About this task:
Give the listing back in full, exactly as written, with the pictures removed.

Data provided:
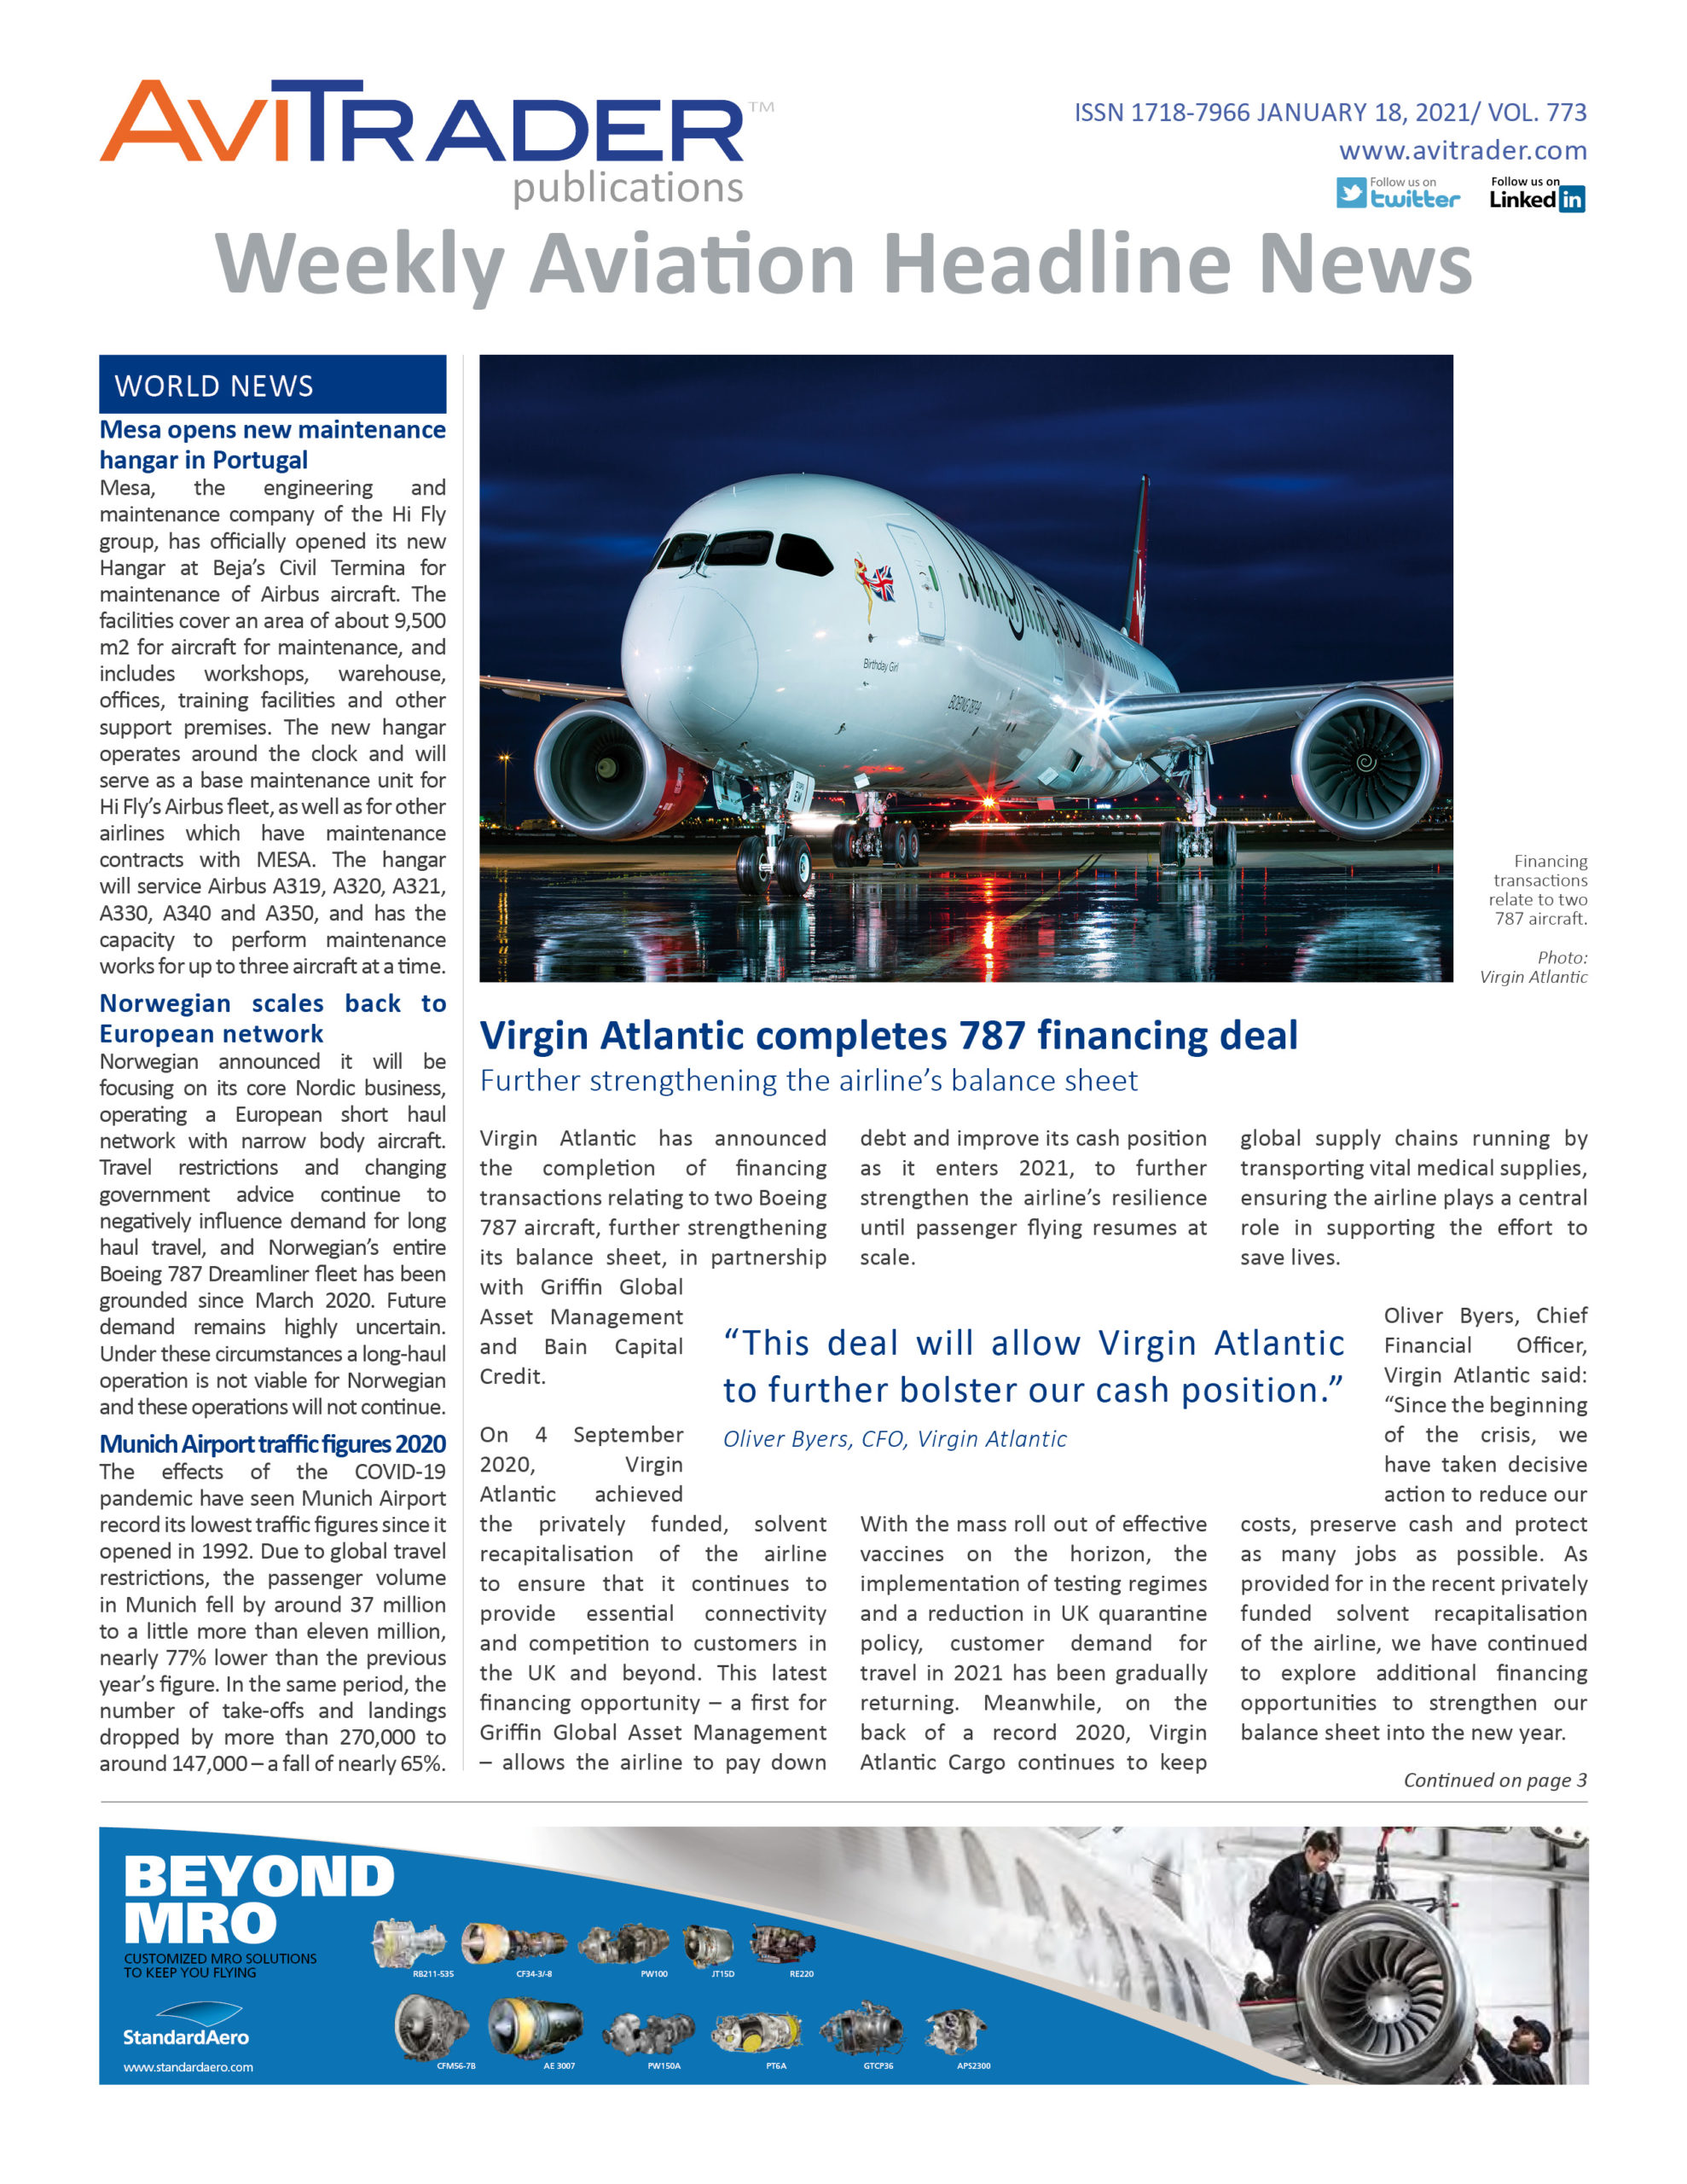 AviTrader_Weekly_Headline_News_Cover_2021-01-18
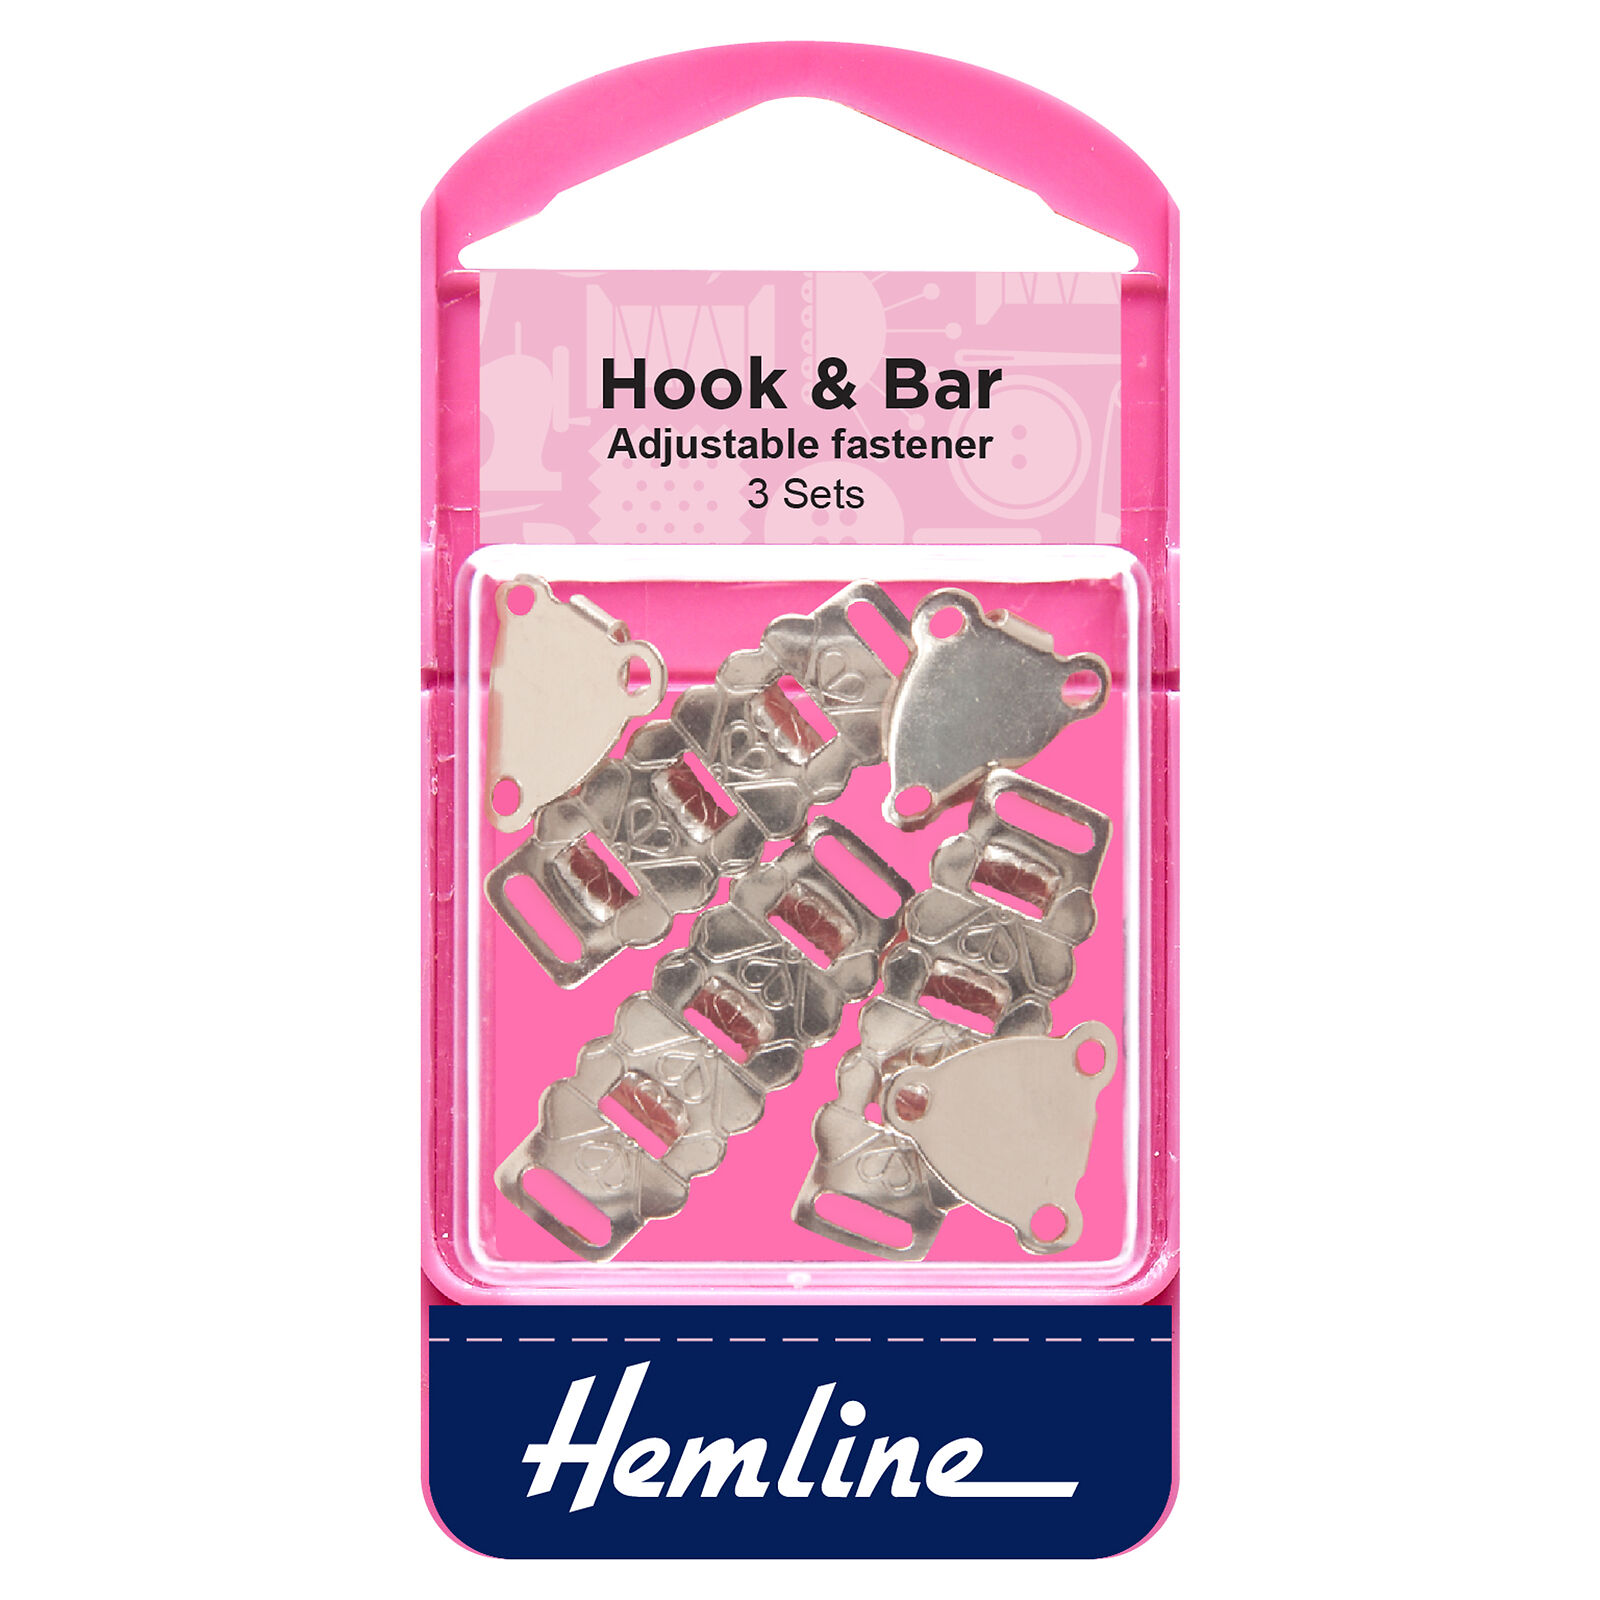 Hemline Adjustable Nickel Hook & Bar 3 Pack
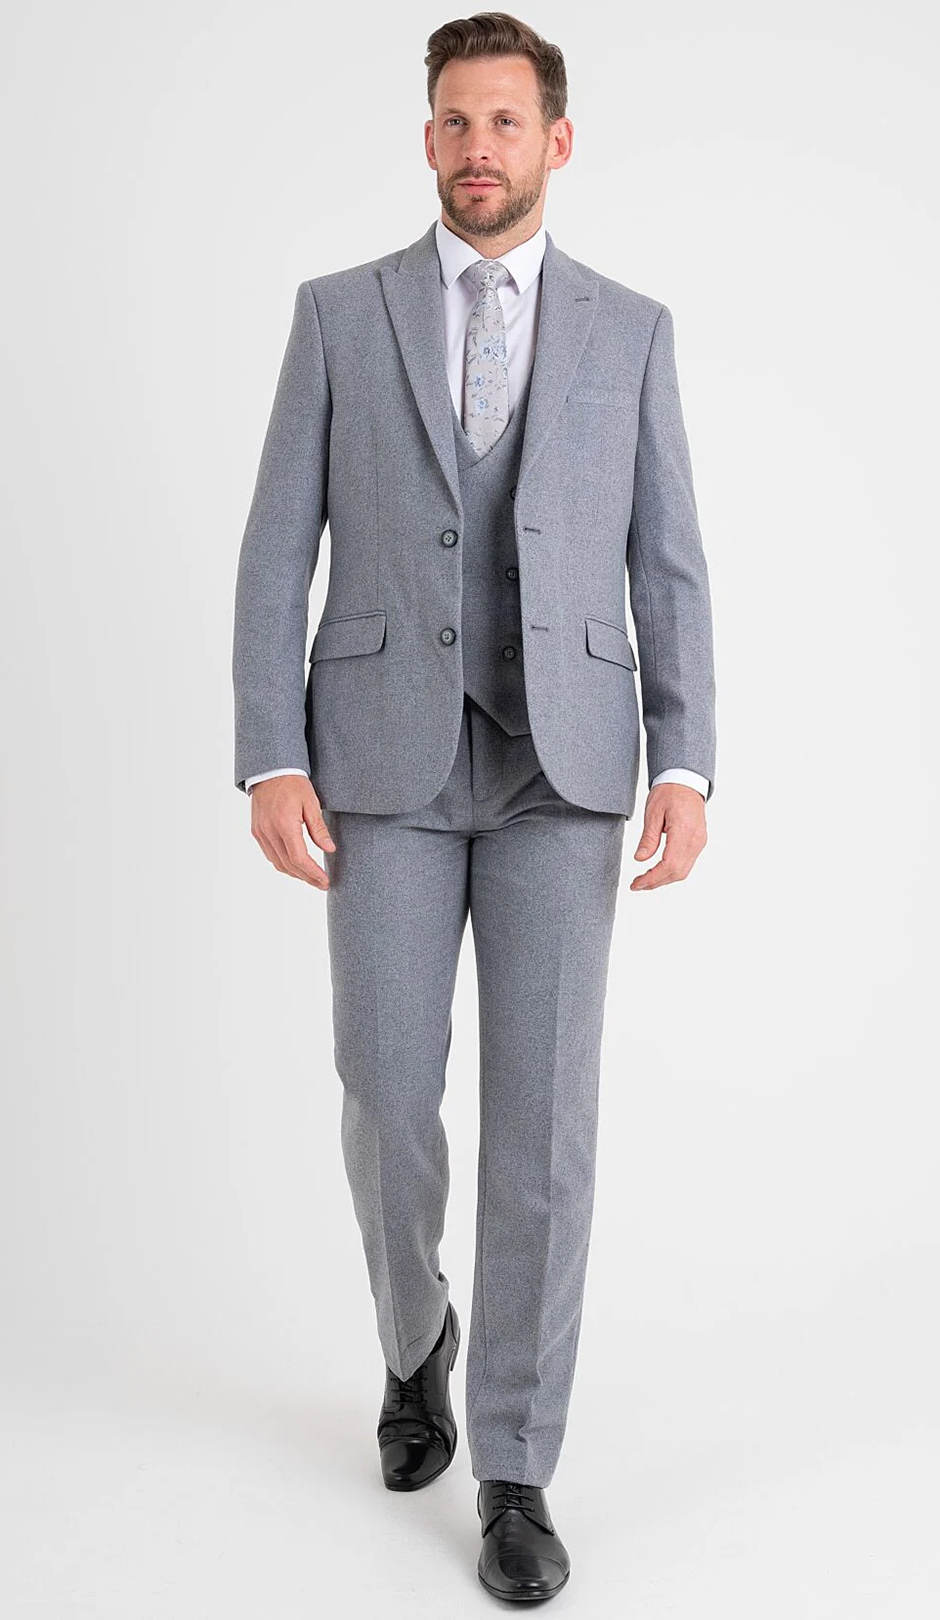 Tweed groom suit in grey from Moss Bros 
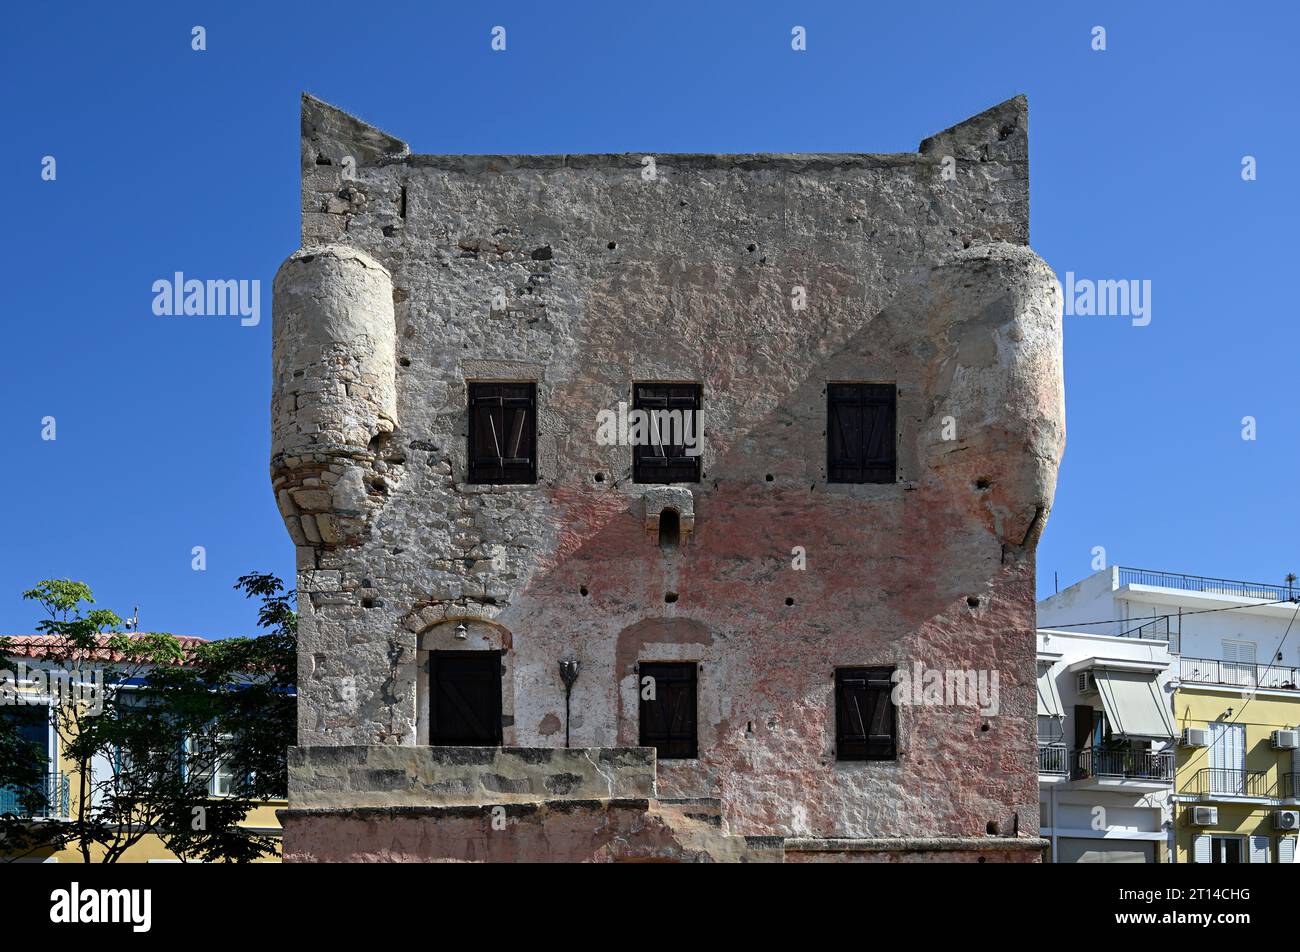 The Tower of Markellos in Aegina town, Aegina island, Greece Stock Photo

Result of the task:
 AviTrader_Weekly_Headline_News_Cover_2021-01-18
 Hemline Adjustable Nickel Hook & Bar 3 Pack
 Tweed groom suit in grey from Moss Bros 
 The Tower of Markellos in Aegina town, Aegina island, Greece Stock Photo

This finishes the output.